==== INFORMATION PROVIDED
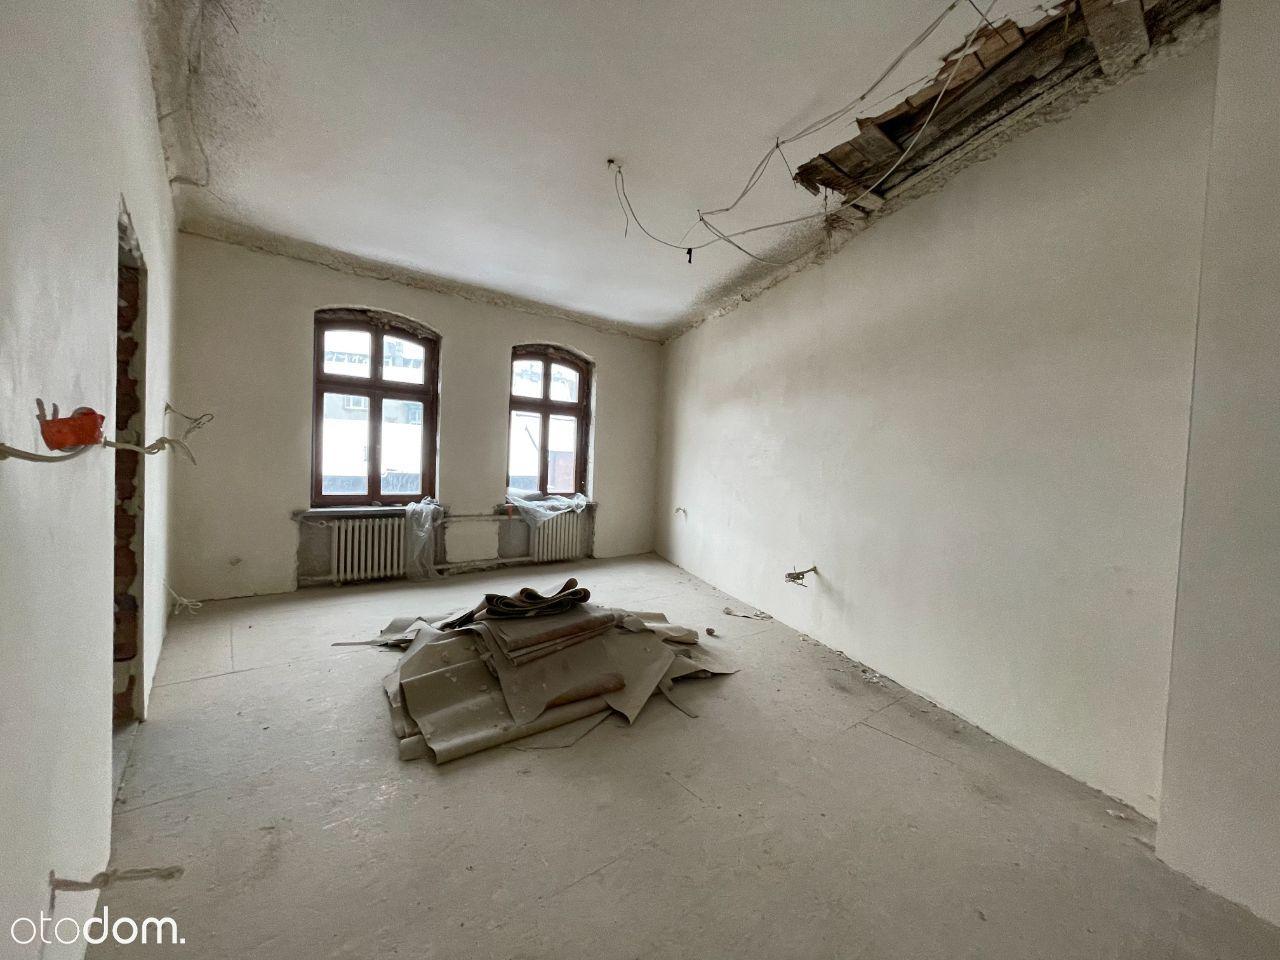 Lokal mieszkalny do remontu 121m2, centrum
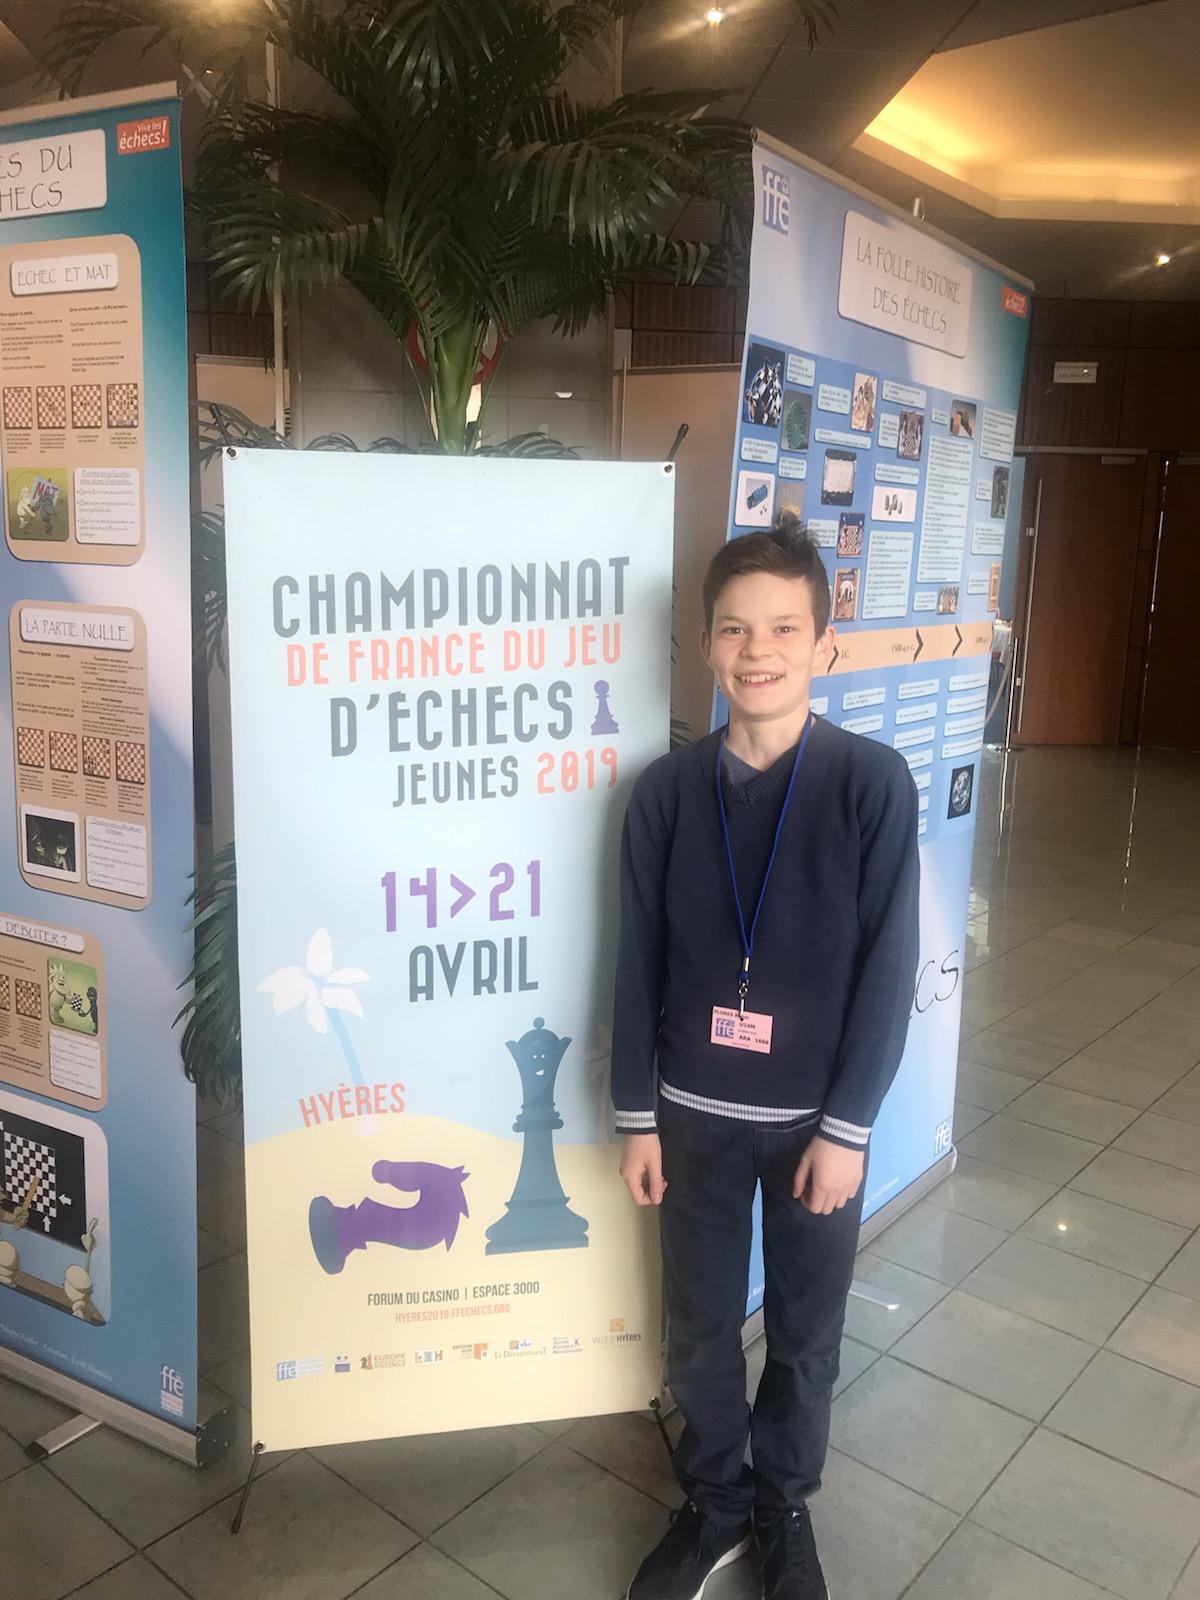 Championnat de france jeunes 2
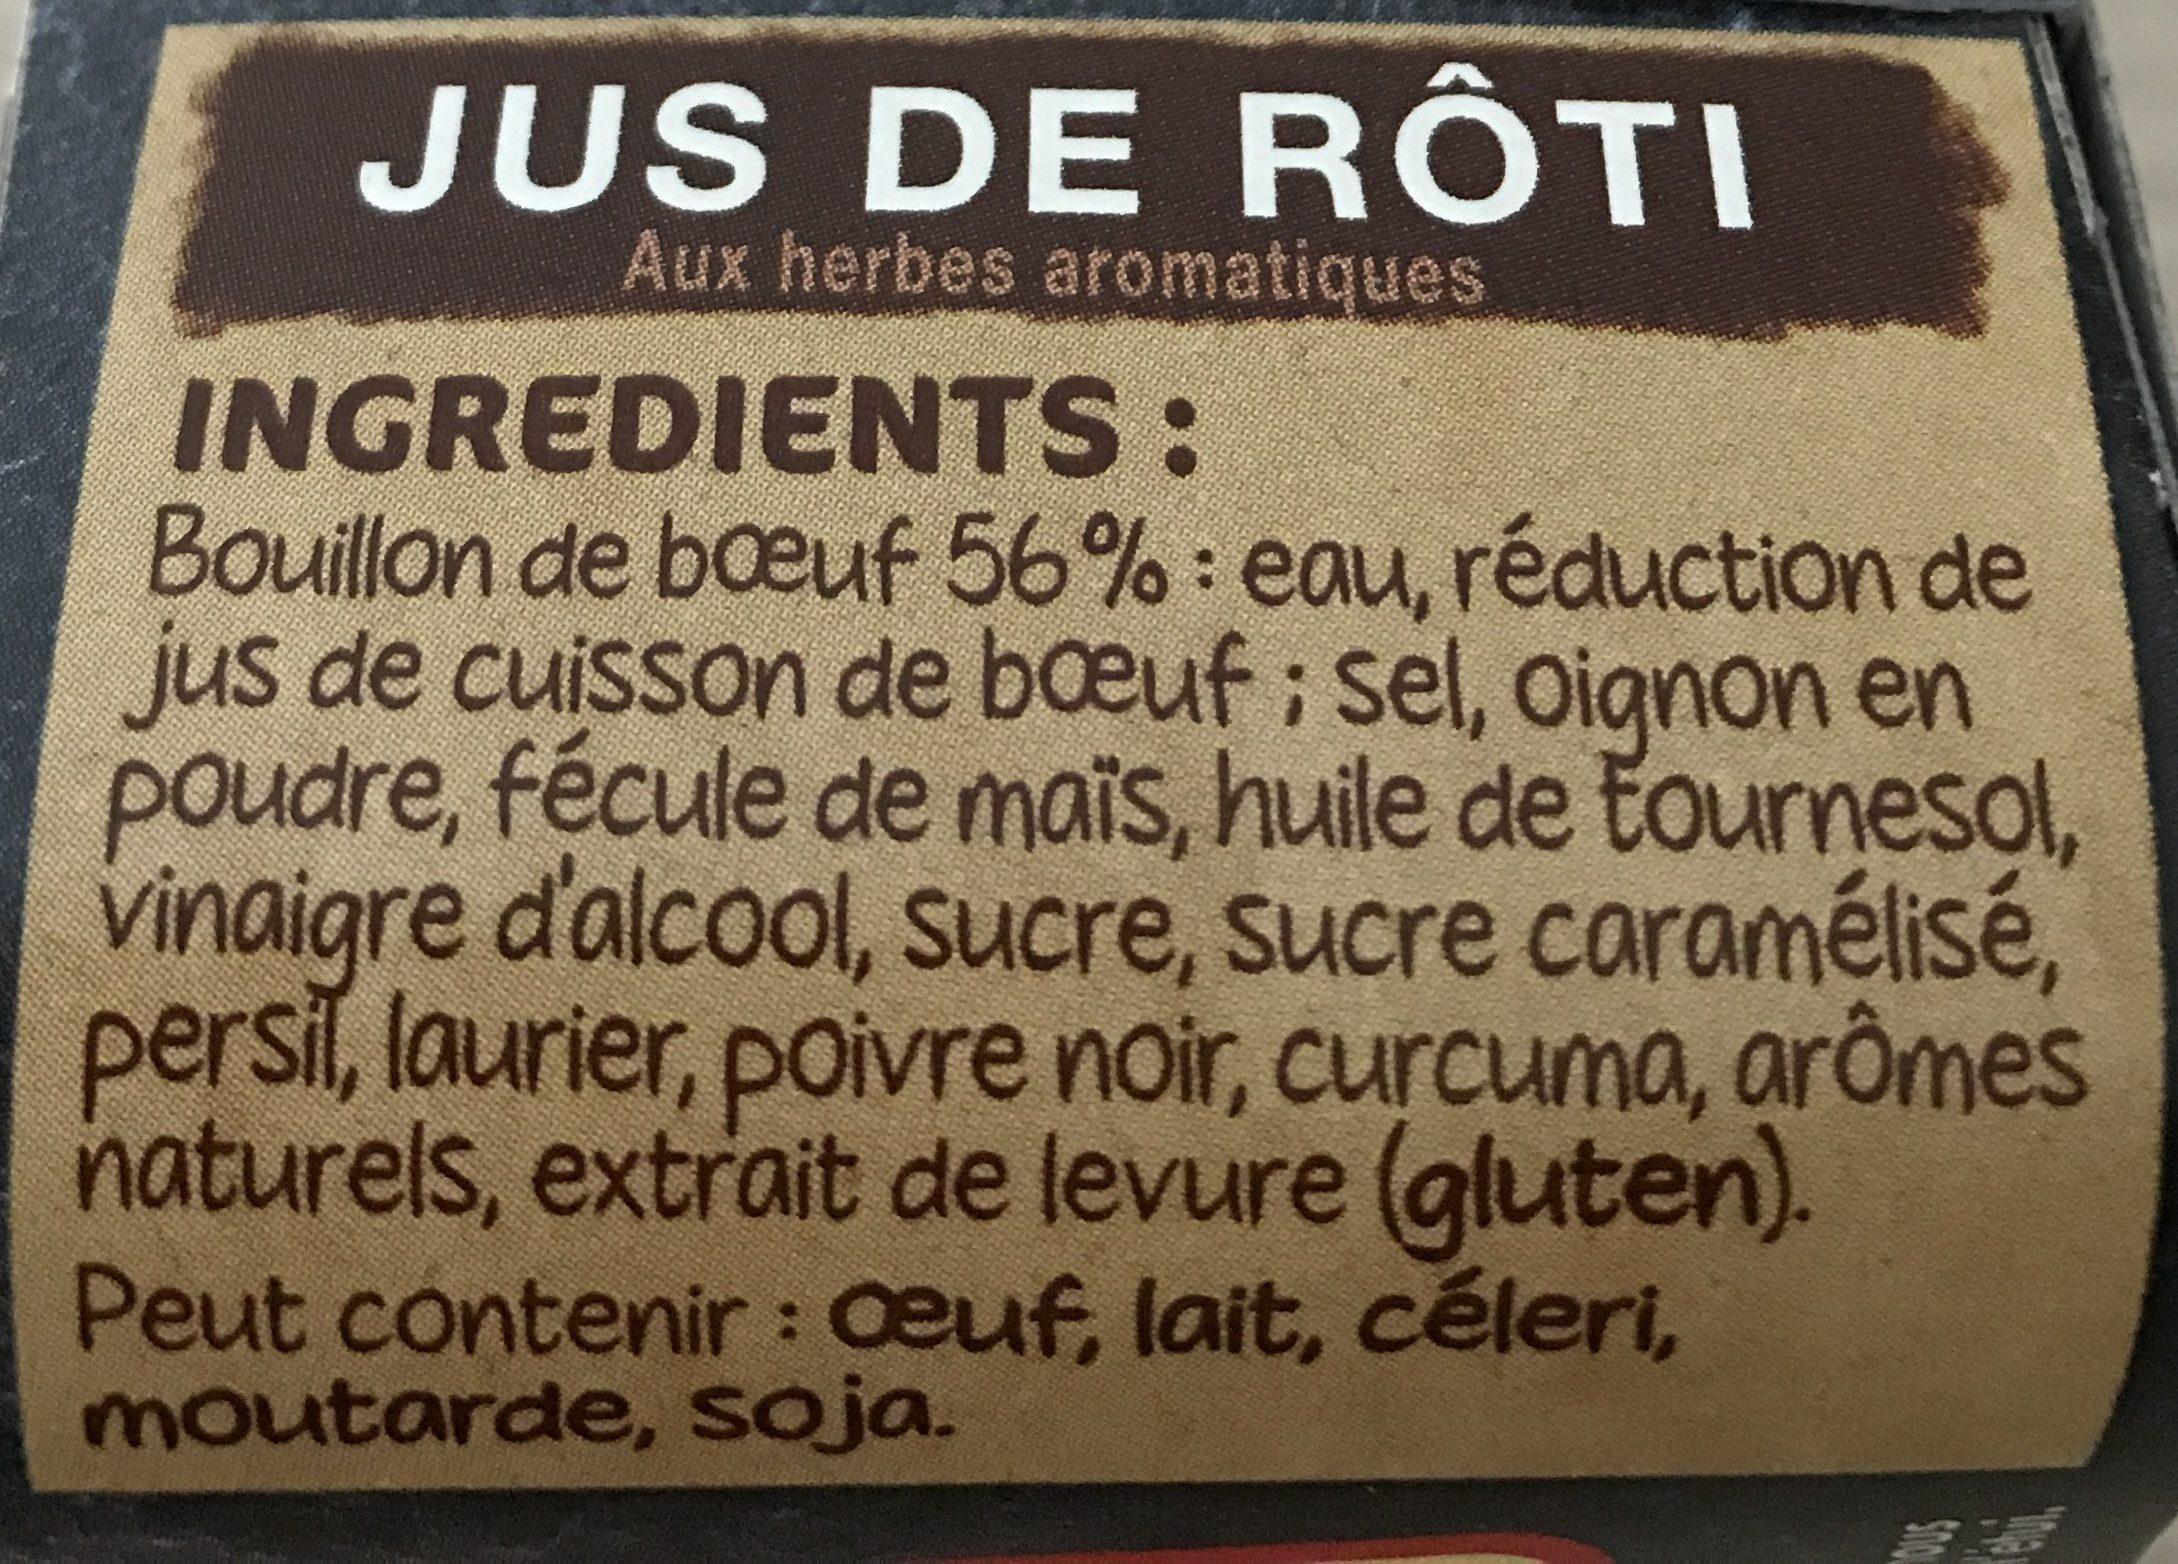 Cœur de Bouillon Bouillon jus de rôti - Ingrédients
========
■ INSTRUCTIONS TO FOLLOW
Retype each line above precisely, please. Skip anything that is a picture.

■ ANSWER TO THE PROBLEM
 Lokal mieszkalny do remontu 121m2, centrum
 Championnat de france jeunes 2
 Cœur de Bouillon Bouillon jus de rôti - Ingrédients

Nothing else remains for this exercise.